||News for those who can't drink grapefruit juice
Grand Member (5 years)
Joined: Aug 22, 2002
From: San Francisco
|Posted: 2006-05-09 1:23 pm  Permalink|
Great news for those who would love to try a Reverb Crash or any of the other many tasty tropical drinks that contain grapefruit juice, but can't due to drug interaction concerns. You won't be able to use fresh-squeezed juice, and it might take some friendly pestering of the juice producers, but it's an important bit of progress:
Study finds how grapefruit juice affects drugs
Tue May 9, 12:25 PM ET
WASHINGTON (Reuters) - U.S. researchers said they have identified the compound in grapefruit juice that affects how some drugs are absorbed in the body and said on Tuesday it might be used to help lower dosages for some patients.
Grapefruit juice is known for its effects on drug metabolism and is avoided by some patients while other deliberately take their drugs with the juice.
The reason is an intestinal enzyme called CYP3A, which partially destroys drugs as they are absorbed. Grapefruit juice, like no other fruit juice, interferes with CYP3A, so the body ends up absorbing more of the drug.
Dr.
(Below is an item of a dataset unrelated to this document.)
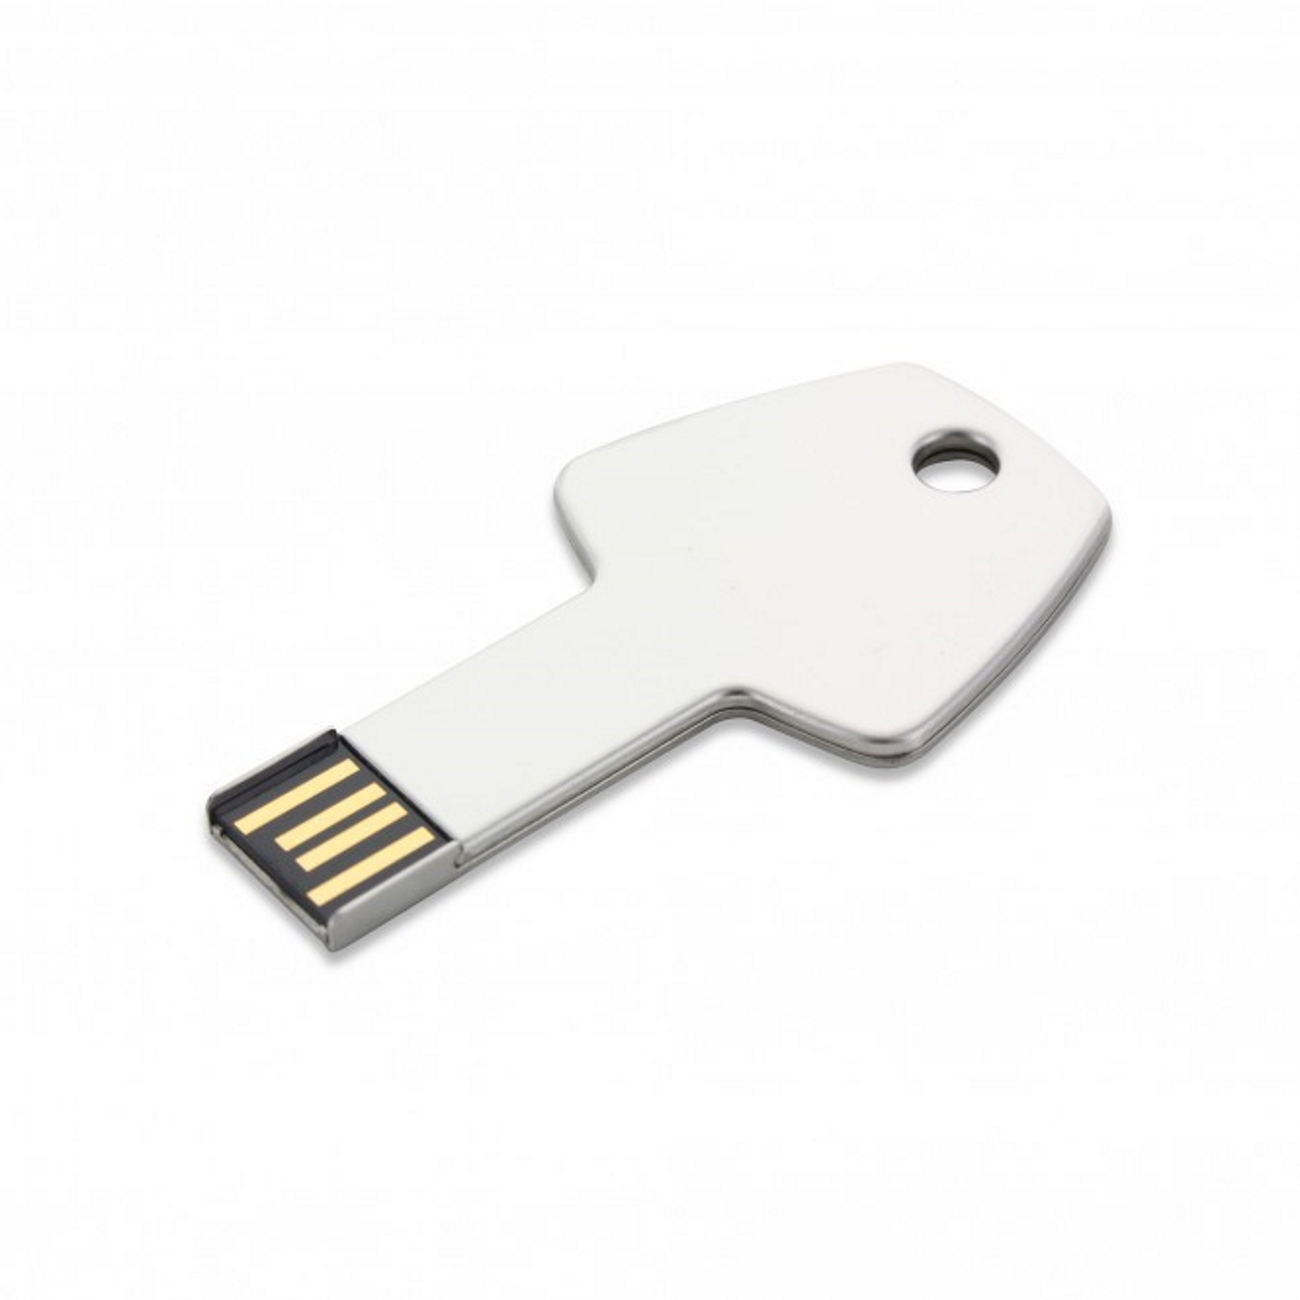 USB GERMANY ®Schlüssel GB) (Silber, 4 USB-Stick Key

Paul Watkins of the University of North Carolina at Chapel Hill and colleagues say they have identified the substance in grapefruit juice that is responsible -- furanocoumarin.
"It should now be possible to market the furanocoumarin-free grapefruit juice to patients who would otherwise need to avoid grapefruit," Watkins said in a statement.
"In addition, it should be possible to screen new foods for the potential for drug interactions by determining whether they contain furanocoumarins," Watkins said.
"Finally, it may be possible to add furanocoumarins to formulations of certain drugs that tend to be poorly or erratically absorbed to improve their oral delivery."
To test the theory that furanocoumarin was the responsible compound, Watkins and colleagues filtered it out grapefruit juice, which they discovered was then less bitter but otherwise unaltered.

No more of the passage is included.